Jesse Cooper even attacked the introduction in my book, because it did not follow his prescribed guideline as to how an introduction should be written. The path I took in the introduction was meant to explore our – Liberian people’s burning desires to organize themselves wherever on Earth they called home, which led to another burning urge by Liberians in the United States to organize ULAA in 1974.

Personal anecdotes were added to the book to tell a story about political events in Liberia that happened around me in school and outside of the school environment when I was growing up, which are relevant today and intended to show modern-day ULAA a way to find the courage to stop the abuse that students encountered today in schools and classrooms in the Liberian society.

Mr. Cooper attacked the chapter that dealt with Nathaniel F. McGill, titled “ULAA’s McGill Problem.”

Did ULAA and its leadership team not overwhelmingly endorse Nathaniel McGill’s shenanigans, and even accepted his so-called pledge of $100,000, and promised to give ULAA an additional $300,000, during the association’s 47th inauguration ceremony of the newly-elected president J. Shiwoh Kamara in Pennsylvania on March 26, 2022?
Is this not the same Nathaniel F. McGill, who as Minister of State for Presidential Affairs, built an over-the-top mausoleum for his deceased mother at a time when the Liberian people were encountering difficulties living in their own country?

Is this not fair game to include this tawdry behavior in a book about ULAA, the so-called advocacy organization? So, who is ULAA advocating for, McGill or the Liberian people?

Jesse M. Cooper, Sr., was churlish as they come, profoundly disappointing, dishonest, blindly partisan, protective and loyal to ULAA, and unreasonable in his monologue when he noted “ First, Sungbeh did not contact or interview past and present ULAA officials to make the content of the book more relevant. When I contacted Eminent Siahyonkron J. K. Nyanseor, Sr., the official historian of ULAA to write this book report and commentary, he told me Sungbeh did not contact him: yet, he used several of Nyanseor’s primary works.”

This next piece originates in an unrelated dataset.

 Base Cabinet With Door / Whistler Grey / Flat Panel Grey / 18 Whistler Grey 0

Where in any kind of writing – scholarly and non-scholarly where it is mentioned that citing and quoting the work of the original writer also requires personally interviewing the original writer?

Do I have to personally interview Mr. Nyanseor – even though I cited his work, referenced him, and credited his work properly as required by APA, to give credence and credibility to my work?

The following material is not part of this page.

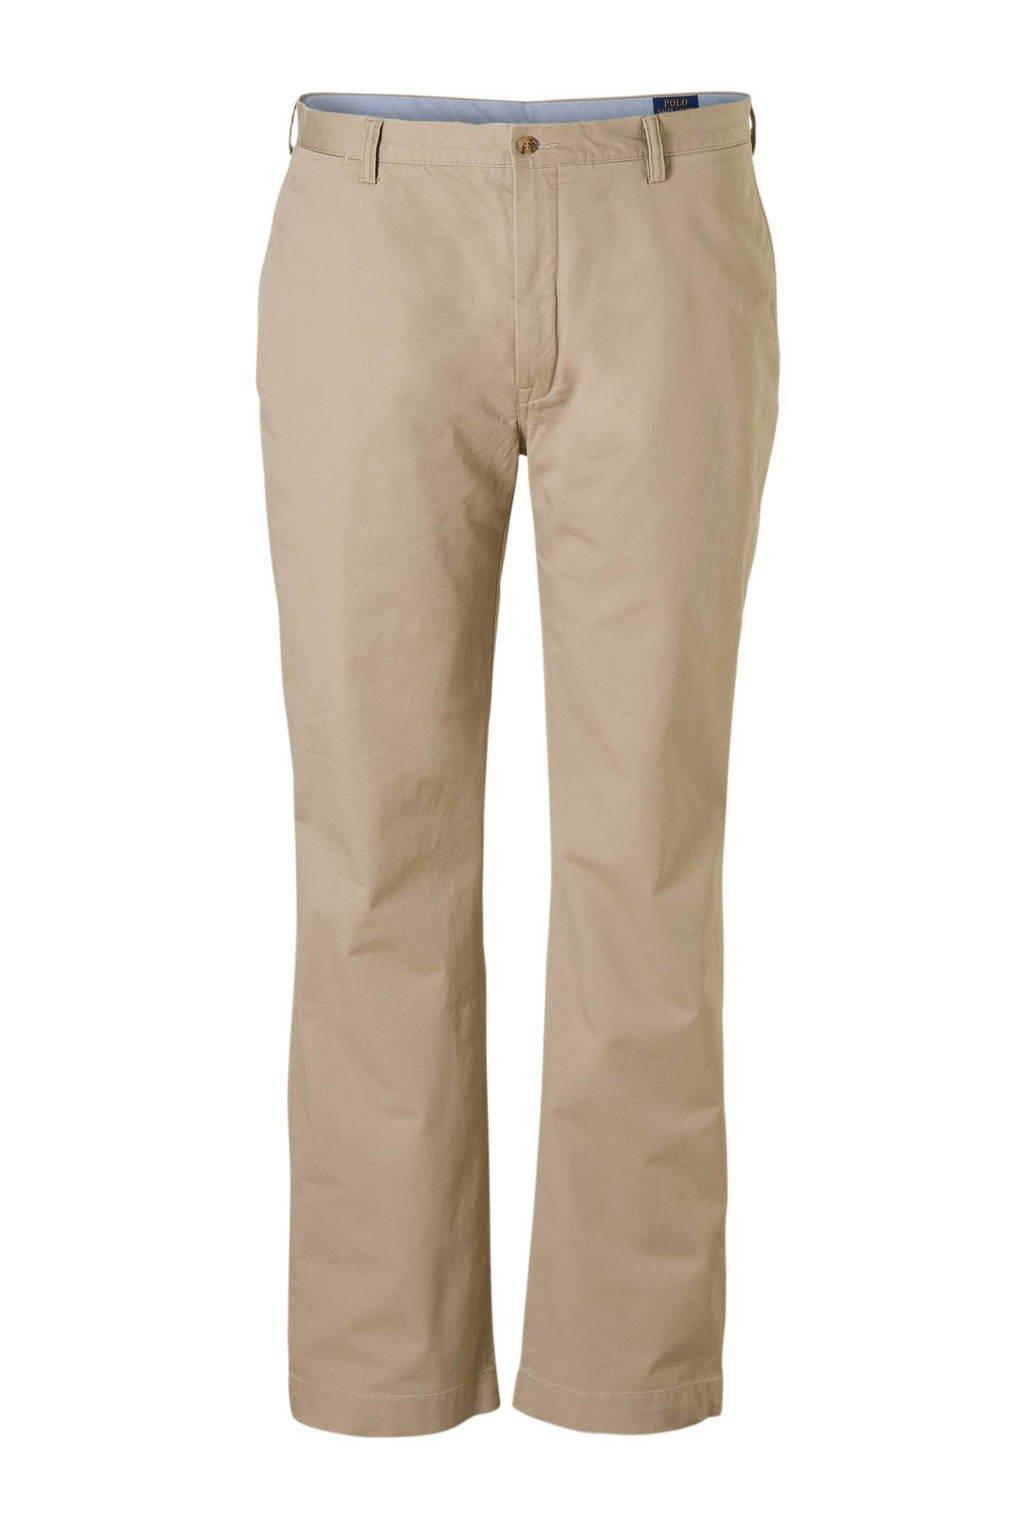 POLO Ralph Lauren Big & Tall +size classic fit pantalon, Beige

Did Jesse M. Cooper not read in a section of my book where I mentioned that I contacted several ULAA leaders for an interview for my book but got no response from them?

Did Mr. Cooper not read in my book that I publicly acknowledged Dr. George Toto, for his knowledgeable assistance with a part of the book regarding the leaders of ULAA and their county of origin?

Or, is Jesse M. Cooper blindly cherrypicking and pandering to Mr. Nyanseor to fall into his good graces as being on the same side of his failed criticism of my book?

Regarding the history of ULAA’s Council of Eminent Persons. I did not copy sentences and paragraphs. I cited the association’s website and acknowledged its history, the founding year, and the founding state and analyzed the rest from my own perspective.

Jesse M. Cooper writes: “ULAA’s Council of Eminent Persons’ history was copied by Dr. Sungbeh without obtaining verbal or written permission from the organization or any of its leaders. Instead, he made some comments here and there on the document. This is plagiarism!”

Plagiarism? Please!!!

Do you know what you are talking about, Mr. Cooper?

I am strongly anti-plagiarism. I am a thinker, a writer, and a man of ideas. Unlike some who will copy and paste and draw from other people’s hard intellectual work to write and claim it as their own, I write from my own strength and ideas. So, let’s get it straight right now.

A guy like me who has been writing political columns for over 40 years, has written books, my 4th book, and has written and edited academic papers, and taught, assisted, and advised doctoral students, and sat on dissertation panels, I know more about plagiarism than you can count your ten fingers and ten toes. So, let me hear my ears!

Jesse M. Cooper, I have done my part. Do your part by writing your own book about ULAA. There is more work to be done. I am awaiting your book.